Pediatric Spine Foundation

Title: Proximal anchor fixation in magnetically controlled growing rods (MCGR): preliminary 2-year results of the impact of anchor location and density

Authors: Blake C. Meza, Suken A. Shah, Michael G. Vitale, Peter F. Sturm, Scott J. Luhmann, Pediatric Spine Study Group, Jason B. Anari

Journal: Spine Deformity

Date: March 18, 2020

Excerpt: When using MCGR, proximal spine anchors and greater anchor density impart superior deformity correction but do not significantly impact the risk of device complications.

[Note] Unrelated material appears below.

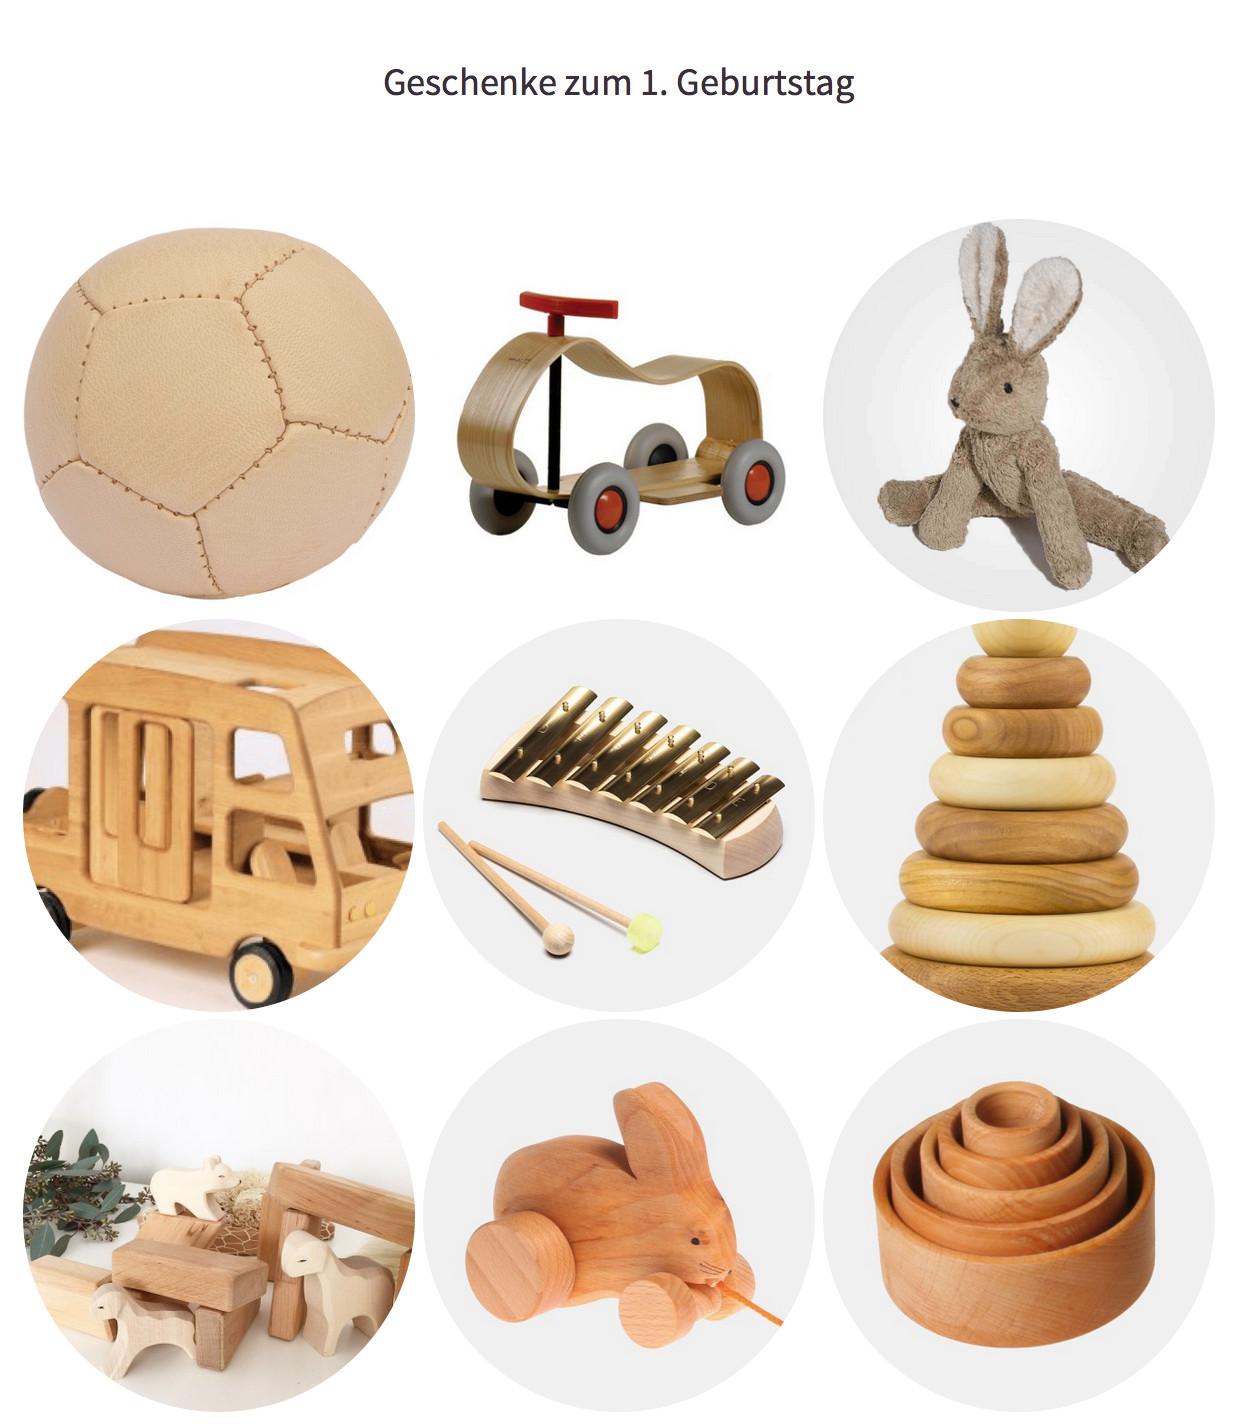 Geschenke Zum 15 Geburtstag  Geschenke zum 1 Geburtstag in Natur Mamablog & Shop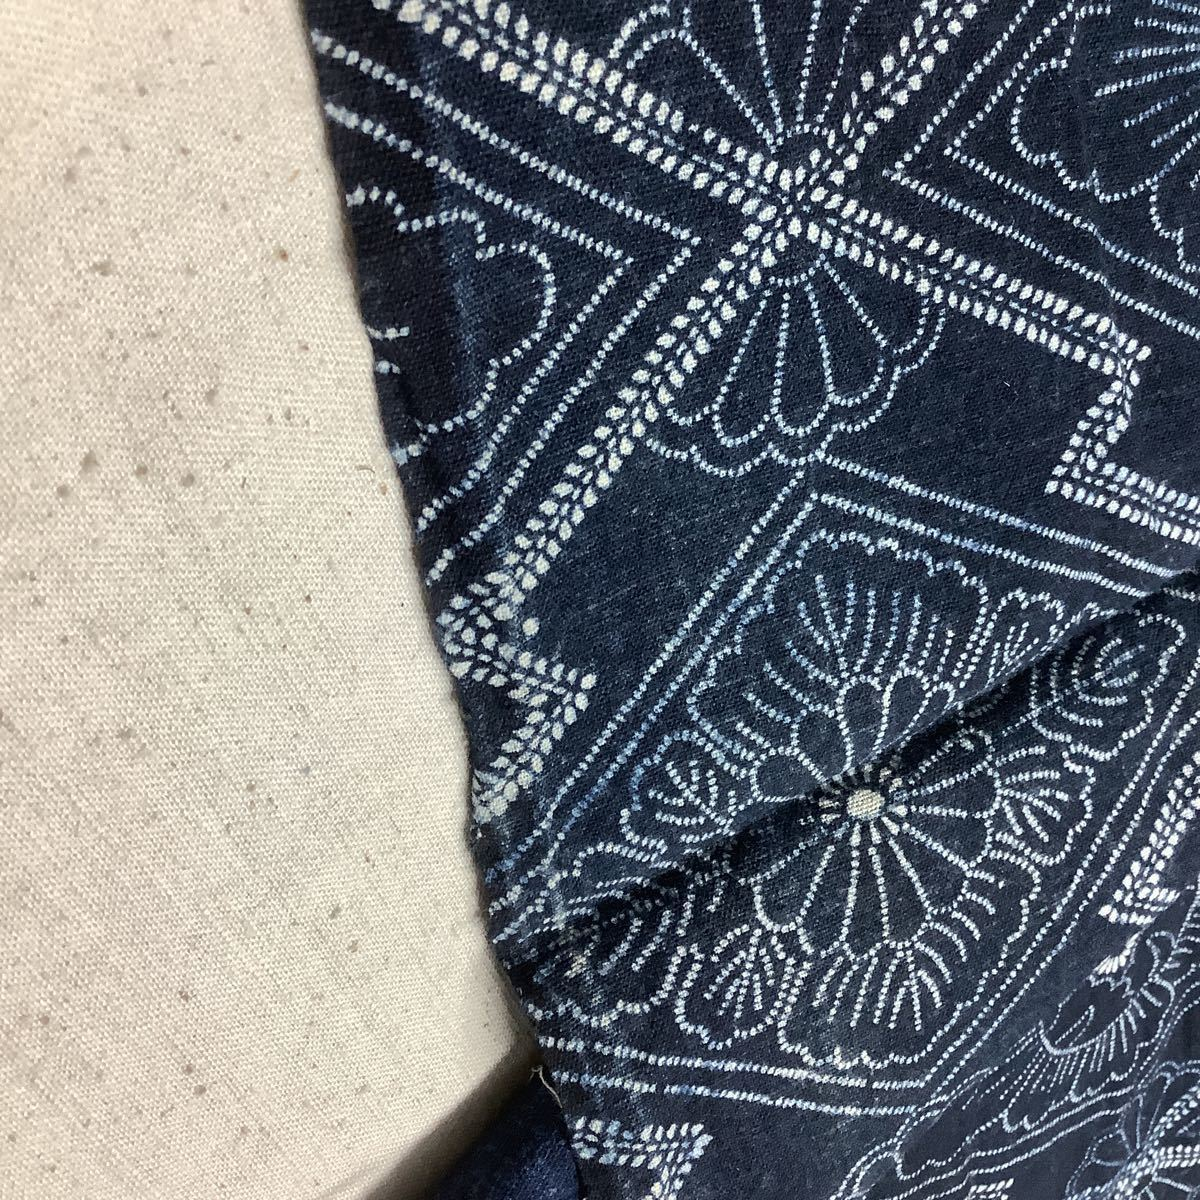 ◆古布前掛け専門屋◆アンティーク◆手織木綿◆本藍染◆型染め◆3幅3巾◆布団側◆刺子襤褸麻書生絣蚊絣雪ん子BOROはぎれ_画像6

Keywords: Proximal anchor, magnetically controlled growing rods (MCGR), early-onset scoliosis (EOS)

Summary:

Purpose

During the surgery to insert Magnetically Controlled Growing Rods (MCGR), device placement can be attached to the spine or ribs. Previous studies have found that in a similar device, Traditional rowing Rods (TGR), attaching to the rib has less chance for rod breakage and having 5 or more locations of attachment makes the risk of device migration or movement less likely. This study aims to review the impact of the location and number of anchors at the top of the device in the treatment of early onset scoliosis with MCGR.

Results

  • This study included 155 MCGR patients. Most patients with <5 attachments at the top of the device had spine-based anchors (74.7%), while a majority of those with =5 attachments at the top of the device were rib-based (51.4%).
  • Spine-based devices were associated with less kyphosis and better curve correction compared to rib-based devices. Overall, the difference in average patient curve correction was 6.8° (23.9° vs. 17.1°) for major curves, 5.5° (10.0° vs. 4.5°) for minor curves, and 10.7° for kyphotic curves.
  • A greater amount of attachments together (=5 attachments at the top) was found to have more major curve correction at 2 years (25.0° vs. 18.2°). Having =5 attachments at the top did not make the complication risk notably lower, including device movement where it was attached (8.4% vs. 7.7%).
  • Device movement was more common with rib-based devices (13.8% vs. 4.1%) and rod breakage was more common with spine-based devices (10.3% vs. 3.4%), however this trend was not notably different after statistical review.

Discussion Points

  • Spine-based devices had more improvement of spinal deformity.
  • Having =5 attachments at the top did not change the risk of complications; but it was associated with greater 2-year curve improvement.
  • The median follow-up time of patients in this study is less than 3 years. Future studies should continue to follow these patients to determine long-term outcomes and complications.